1954 film by George Sherman

Border River is a 1954 American Western film directed by George Sherman and starring Joel McCrea, Yvonne De Carlo and Pedro Armendariz.

==Plot==
During the final stages of the American Civil War, Major Clete Mattson (Joel McCrea), an idealistic Confederate officer, robs a $2 million Union gold shipment. To secure weapons for the failing Confederacy, Mattson travels across the Rio Grande into "Zona Libre" (Free Zone), a lawless, sovereign enclave in Mexico. The territory is ruled by the despotic and corrupt Mexican Federal General Calleja (Pedro Armendáriz), who offers lucrative sanctuary to American outlaws and deserters in exchange for a share of their stolen loot.

Mattson opens negotiations with Calleja to purchase a large cache of munitions and rifles. However, his presence immediately attracts dangerous attention. He faces opposition from a local Union operative, Captain Fletcher (Ivan Triesault), who is determined to reclaim the gold and block the Confederate supply line. At the same time, Calleja’s deceptive business manager, Baron Von Giesen (George Dolenz), and a beautiful local woman named Carmelita Carias (Yvonne De Carlo) become deeply entangled in Mattson's mission. Carmelita forms a romantic attraction to Mattson, complicating the political stakes.

Recognizing the immense value of the bullion, Calleja repeatedly stalls the gun-running transactions while orchestrating several covert plots to steal the gold outright. Mattson is forced to navigate a series of violent double-crosses and armed skirmishes against the general's mercenaries to protect his cargo. As the political situation collapses and the Union forces close in on the border territory, Mattson must execute a tactical escape from the enclave with the help of Carmelita, fighting to transport the munitions back across the river to his beleaguered troops.

==Cast==
- Joel McCrea as Clete Mattson
- Yvonne De Carlo as Carmelita Carias
- Pedro Armendariz as General Calleja
- Alfonso Bedoya as Captain Vargas
- Howard Petrie as Newlund
- Erika Nordin as Annina Strasser
- George J. Lewis as Sanchez
- Nacho Galindo as Lopez
- Ivan Triesault as Baron Von Hollden
- George Wallace as Fletcher
- Lane Chandler as Anderson
- Martin Garralaga as Guzman
- Joe Bassett as Stanton
- Salvador Baguez as General Robles
- Felipe Turich as Pablo

==Production==
Joel McCrea and Yvonne De Carlo's casting was announced in April 1953. George Sherman was assigned to direct.

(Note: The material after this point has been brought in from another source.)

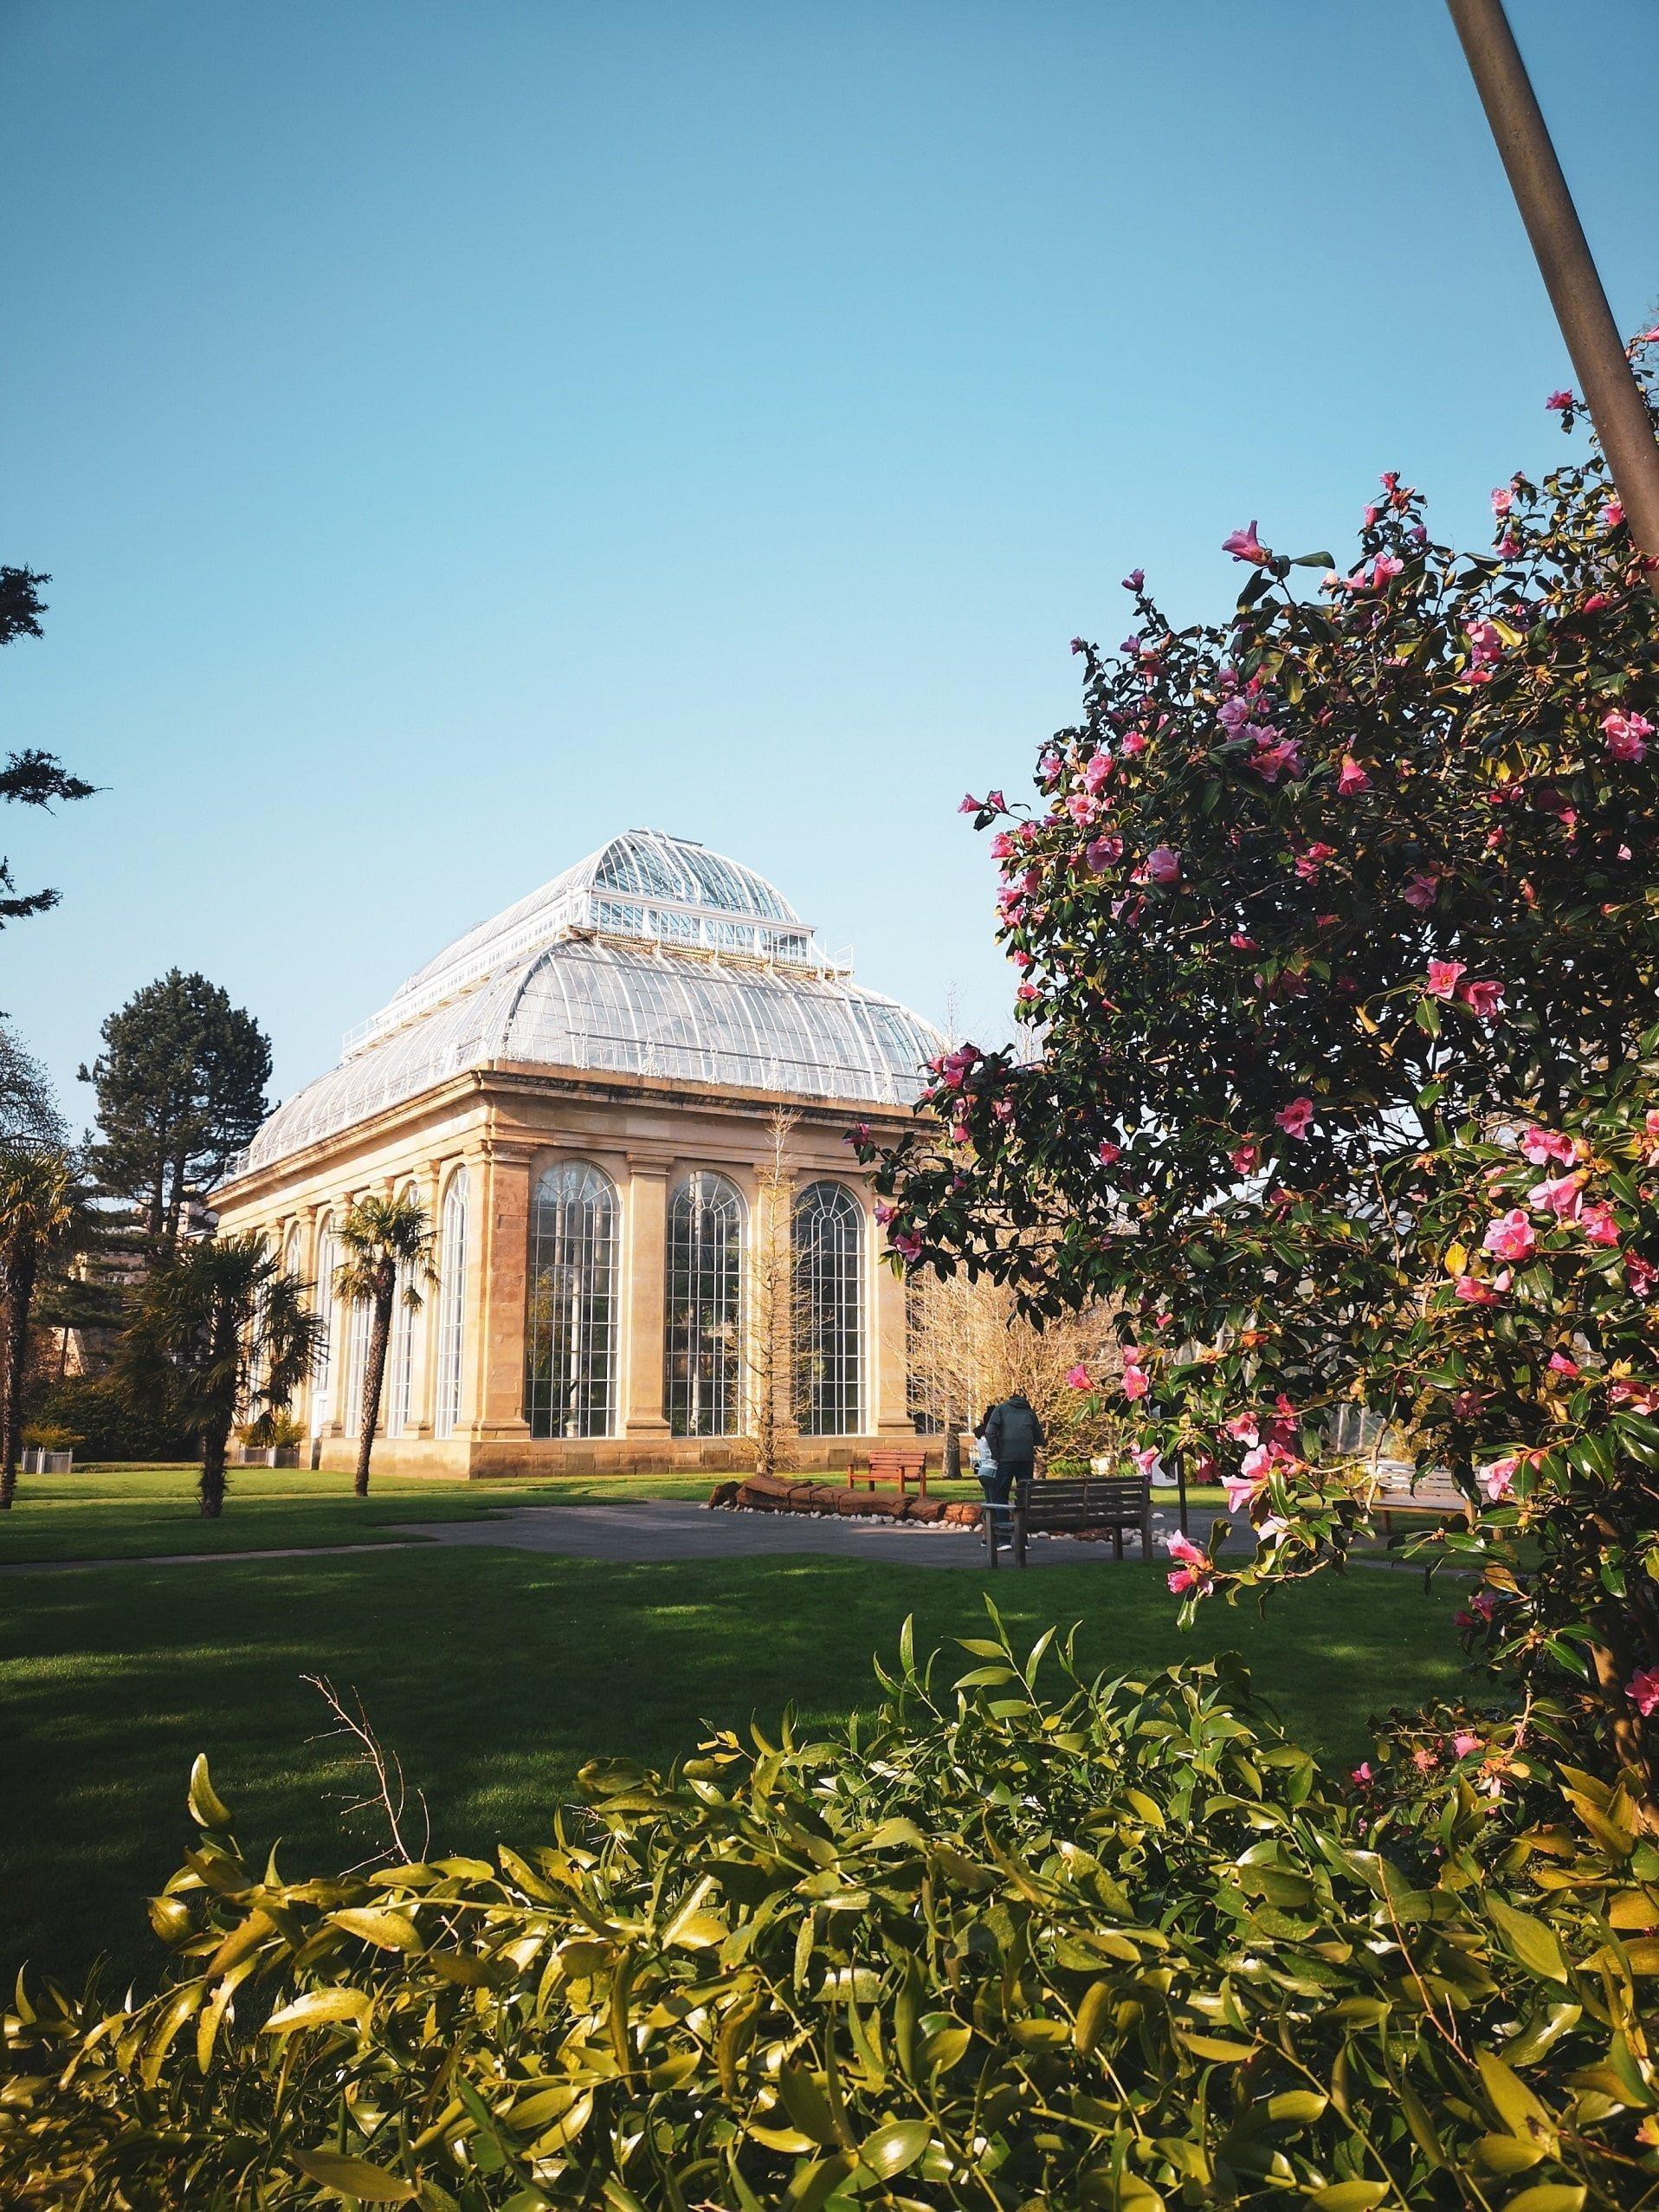 Edinburgh botanic garden and glasshouse, Sustainable Edinburgh Guide

Filming began on 3 June 1953, the same day as Universal's The Glenn Miller Story. The two films were the first movies made at Universal for four weeks.

Parts of the film were shot in Colorado River, Professor Valley, and Courthouse Wash in Utah.

==Release==

===Home media===
Kino Lorber released a region A Blu-ray edition of the film through their Kino Lorber Studio Classics label on March 28, 2023.